An intent signal means someone, somewhere inside an account, started searching for content related to a problem your product solves. The spark exists. The fire doesn't.
But when that spark lands on an SDR's desk with a company name and an intent score they've learned to distrust, they do the only rational thing they can: size up the account and bin the ones that don't clear their bar. But most don't clear the bar – and that's why we think intent signals aren't working.
A buying group exploring a problem is a different thing entirely from a buying group ready to be sold to. When Sales reaches out to an early-stage committee with a bottom-of-funnel pitch, the result is predictable: no reply, or (worst case scenario) a bad experience that poisons the account.
Is the Sales handoff the problem?
The handoff is where the failure comes to a head. The cause goes further back.
61% of the B2B buying journey happens in the selection phase, where a buying group is wrestling with two questions: is this problem worth solving? and what category of product solves it? When an intent signal fires, the account is almost always at the start of that phase. Someone is exploring question one. They’re nowhere close to question two.
When a signal fires, Marketing's job should be helping the buying group align – to give every member the content they need to get on the same-ish page so they can make decisions (a massive part of successful revenue marketing). That work has to happen before the handoff, not after it.
Sales should be joining a conversation with people who’ve been warmed up by content, armed with ironclad sales enablement content – not getting dropped into a cold account with a name, a score, and a pipe dream.
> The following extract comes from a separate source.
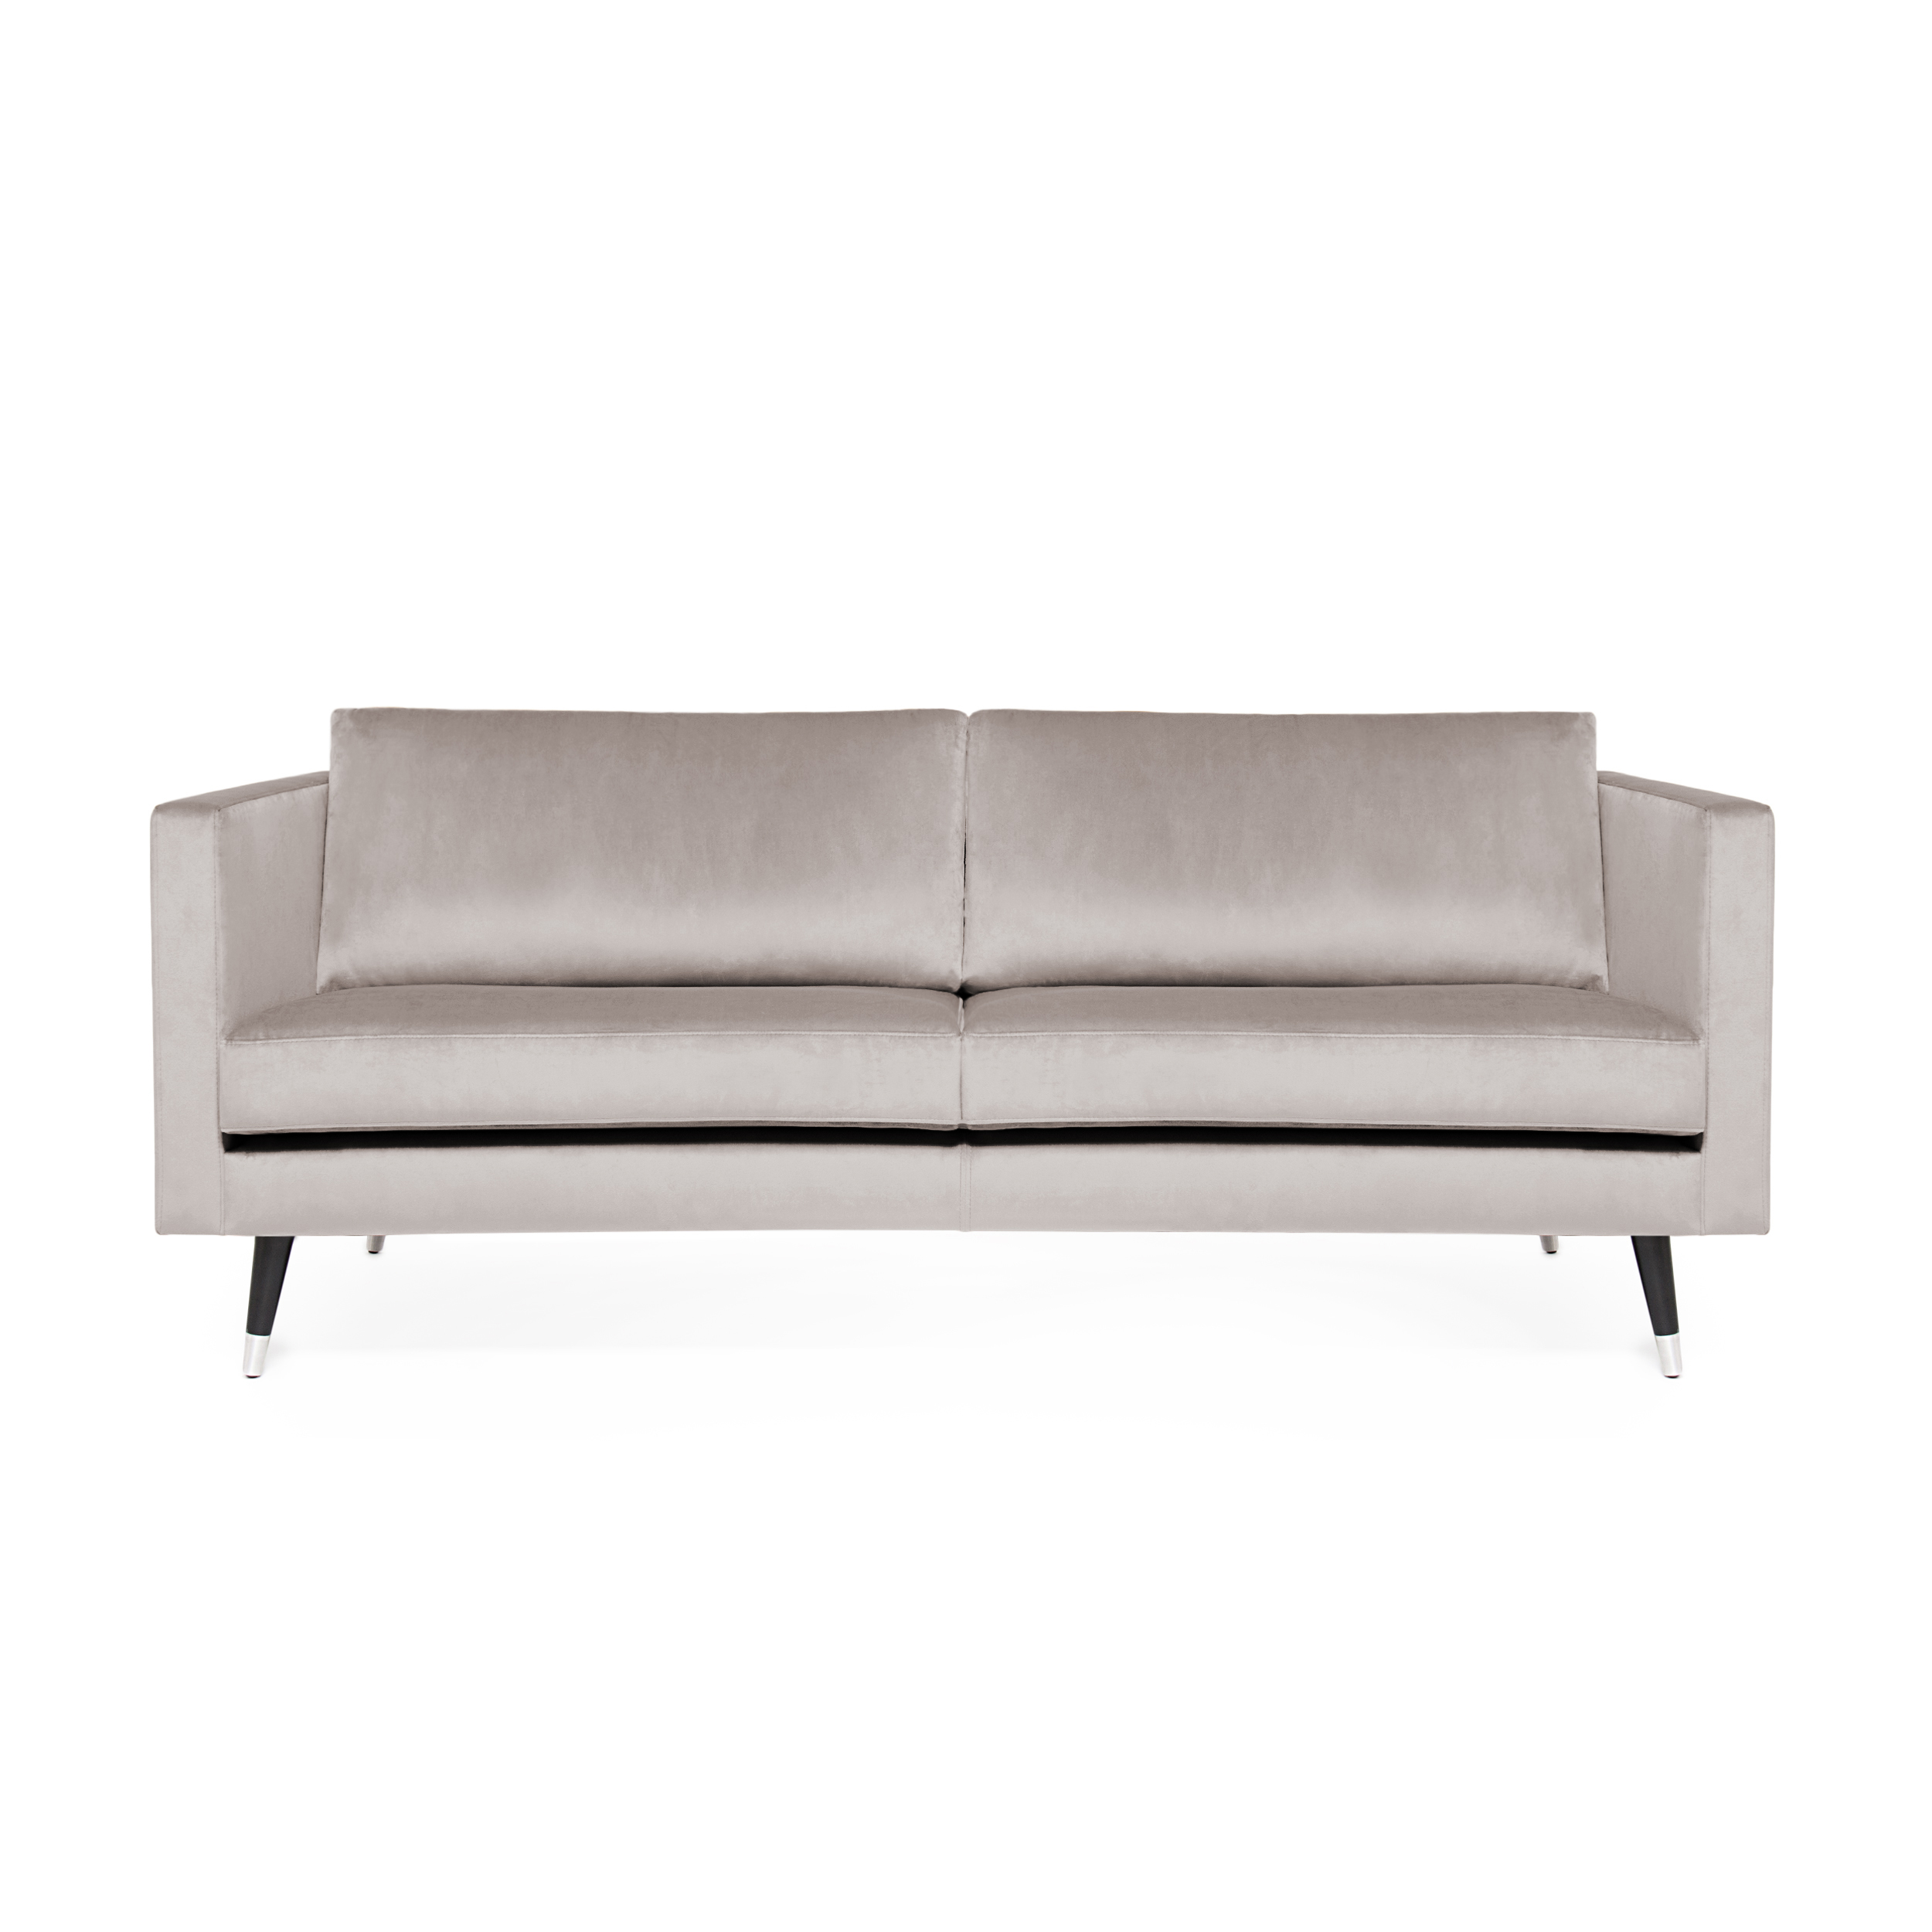 Canapea 2 locuri Meyer Velvet Light Grey/Silver

The accounts in the SDR rubbish pile aren't necessarily bad fits. They just haven’t been primed enough for effective outreach.
INTENT SIGNALS = 85% WIN RATE
Automated lead scoring from Turtl intent signals enabled Peoplesafe to drive sales efficiency and effectiveness through the roof.
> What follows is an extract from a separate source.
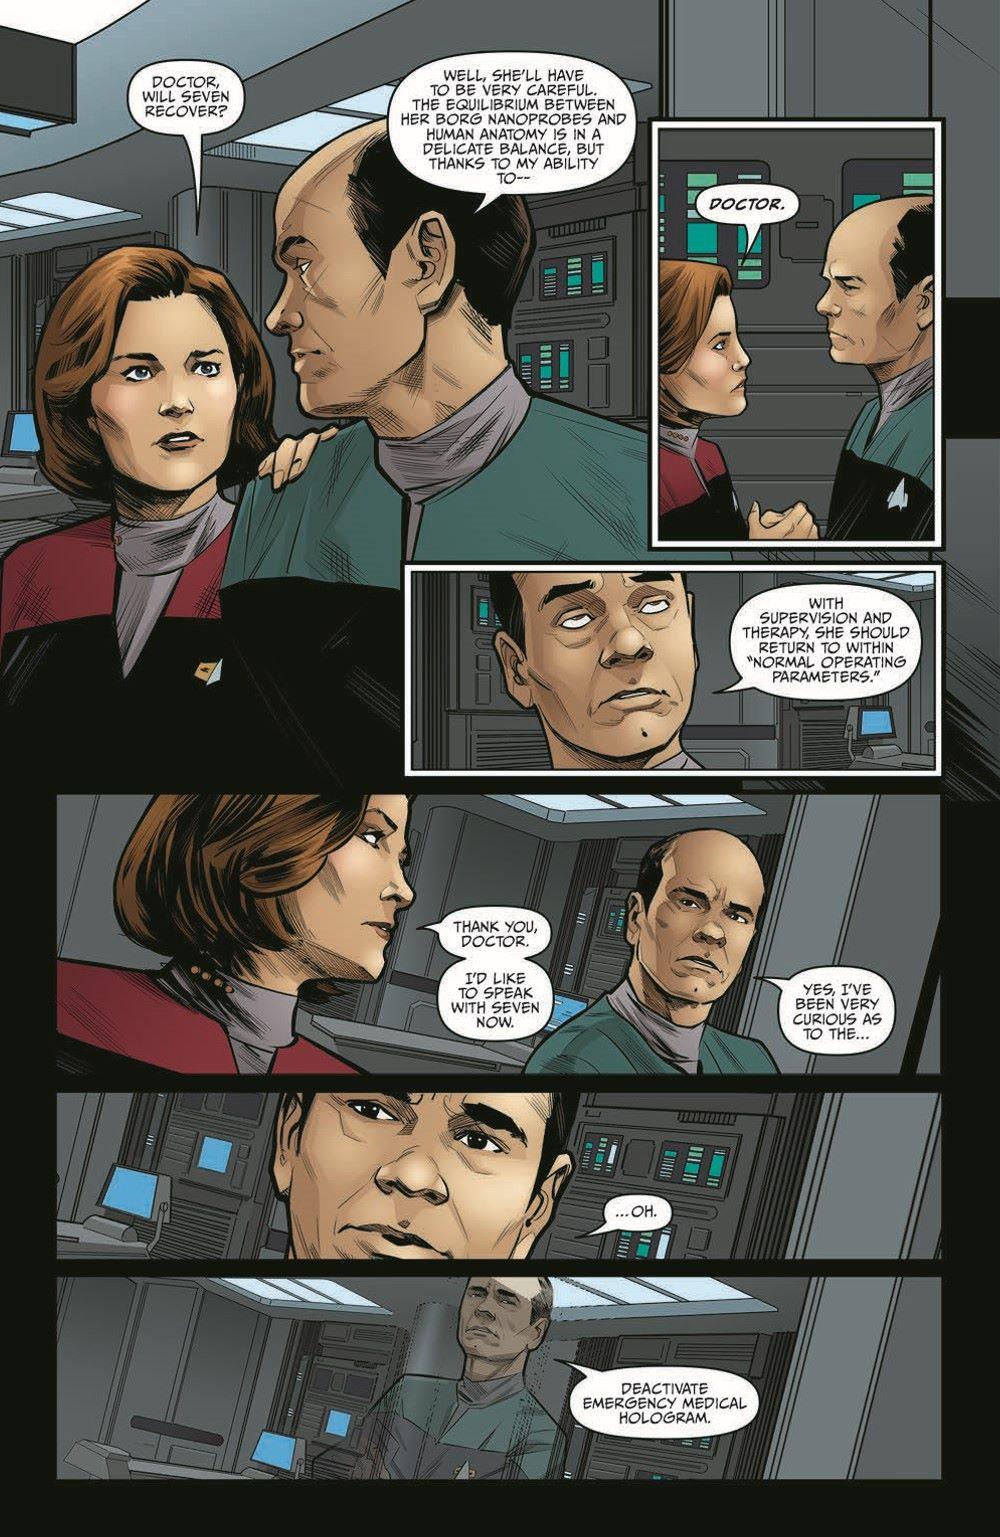 ST_Voyager_SR04-pr-7 ComicList Previews: STAR TREK VOYAGER SEVEN'S RECKONING #4 (OF 4)

How to gauge an account's temperature
Most intent workflows treat all signals identically: signal fires, SDR gets an alert, SDR reaches out. No triage. No sense of whether the buying group has moved past "aware of the problem" into "actively comparing options." That spells big trouble for pipeline management. To make signals genuinely helpful for Sales, we’ve got to add nuance to them.
Here’s a simple framework for assessing signal maturity:
Early-stage (exploring the problem)
- Single-topic intent cluster around a broad problem keyword
- No named individuals from the account have engaged with your content
- No CRM activity in the last 12 months
- No return visits to your site or content
Mid-stage (aligning around the problem)
- Multiple people from the same account engaging with different content types
- Return visits across multiple assets – particularly category-level and ROI-focused content
- Someone from the account has viewed your pricing page or case study section
- A named individual has engaged deeply (high scroll depth, repeat views)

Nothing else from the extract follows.